明明穿越前連名牌都沒買過幾件的她,北京廁所都租不起的她,再回來卻住在美國的醫院中,一住就是兩年。

而且在德拉科的支持下她設計首飾珠寶,已經練就了不俗的眼力,李母耳垂上的珍珠她一眼就看得出價格絕對不菲。

至於什麽漫畫家,出名到都有狂熱粉絲為了引起她的註意,而模仿漫畫中的手法而犯罪,她以前睡覺前的瞎想都沒這麽誇張,最多也就是買彩票中了一千萬該怎麽花。

而且由於父母都在的原因,所以在遇到這個金發男人時她的第一反應是克裏斯·埃文斯,無論再多破綻她也沒去想過,眼前的這個男人其實真的是美國隊長。

而她就在差點也被變成‘天使’中的一員,消失第二天時,在兇犯藏身處被正在執行其他任務的隊長找到。

“史蒂夫?”看著還在一本正經地向她解釋的男人,心中已經有了推測卻仍舊不敢相信的李鹿蹙著眉,試探性地喊了一聲。

“啊……”男人楞了楞,臉上的表情僵了一瞬繼而又恢覆了笑容,笑得和煦極了,“是的,你可以喊我史蒂夫,我可以喊你鹿嗎?”

外國人說中文總是奇奇怪怪,‘鹿’這個字怎麽喊怎麽像‘驢’,可只有李母在一旁笑得渾身發顫,李鹿的表情卻嚴肅的不得了,一點都笑不出來。

‘這並不是真實的世界,眼前的女人也不是她真正的母親,這是直播另外造出的新世界才對。
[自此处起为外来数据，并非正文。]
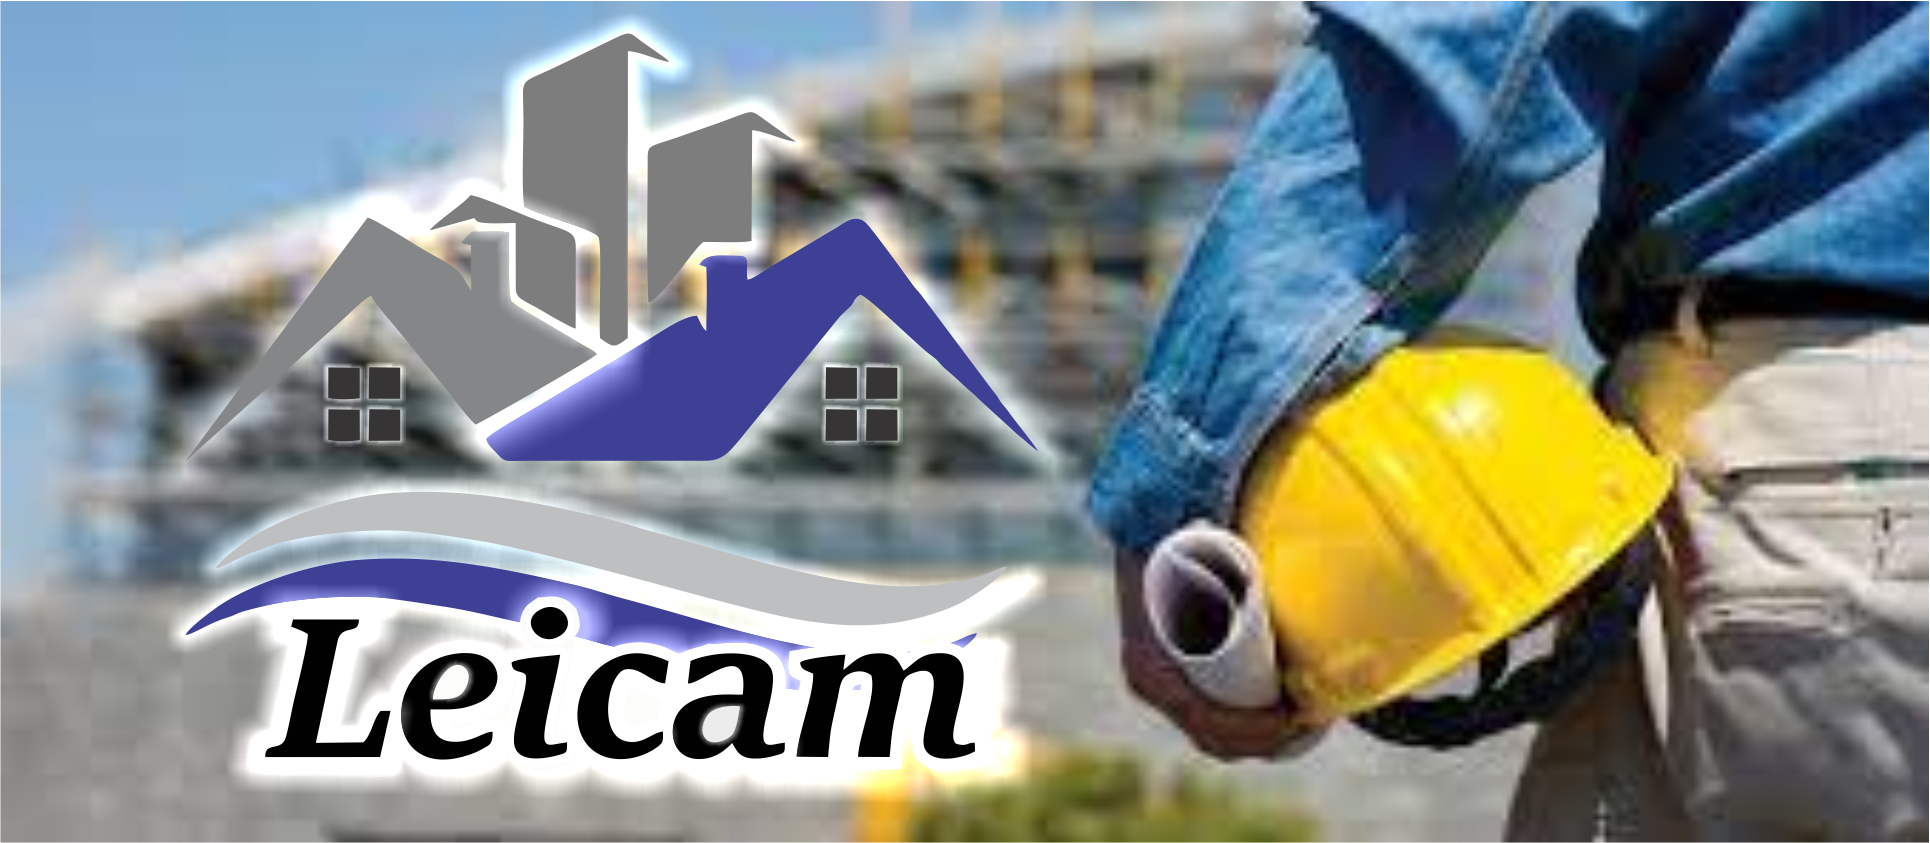 Leicam Reforma Construção de Casas Prontas      Fones: (41) 99635-4288 /

’

李鹿沒有回答史蒂夫而是從床頭拿過手機開始搜索一切漫威有關的信息,可她根本搜不到!什麽美國隊長,什麽蜘蛛俠,谷歌上有的只是新聞,不是他們拯救了什麽樣的災難,就是他們帶來了怎樣的損失。

她甚至還搜到了‘她’在INS上畫過的寡姐和綠巨人的同人,有個名叫托尼·斯塔克粉絲數超高的人竟還給那條短漫點了讚。

但斯坦李老爺子的信息卻消失無蹤,甚至連同名同姓的人物信息都搜查不到。

可無論她如何在心中呼喚系統,如何調用之前用金幣兌換過的能力,都沒有回應。

之前來到新世界,就算系統沒有發布任務,也會回覆她一些無關緊要的問題,可現如今死寂一片毫無回應的模樣,就像是不存在直播系統似的。

……

直播系統……根本不存在?

“……你有印象嗎?鹿?”原本和李母正說些什麽的美隊突然轉頭看向了正在整理思路,被龐大的疑慮擊的不知所措的李鹿,一副正在等待回應的模樣。

“抱……抱歉,我剛才走神了。”看著這個身材高大宛若從漫畫中走出的男人,李鹿回過神來情緒有些覆雜,“您說什麽?什麽印象?”

“我知道你在蘇醒後出現了記憶紊亂現象,失去了許多記憶。但要知道,那個‘撒旦’至今還在外流竄,雖說在你被救下後就沒有出現過新的謀殺案。可兇犯一日沒被緝拿歸案,人們就會一直處於危險中。”

“所以我還是想試著問問你,對於你昏過去前的事情,還有沒有印象,還記得兇手的長相嗎?”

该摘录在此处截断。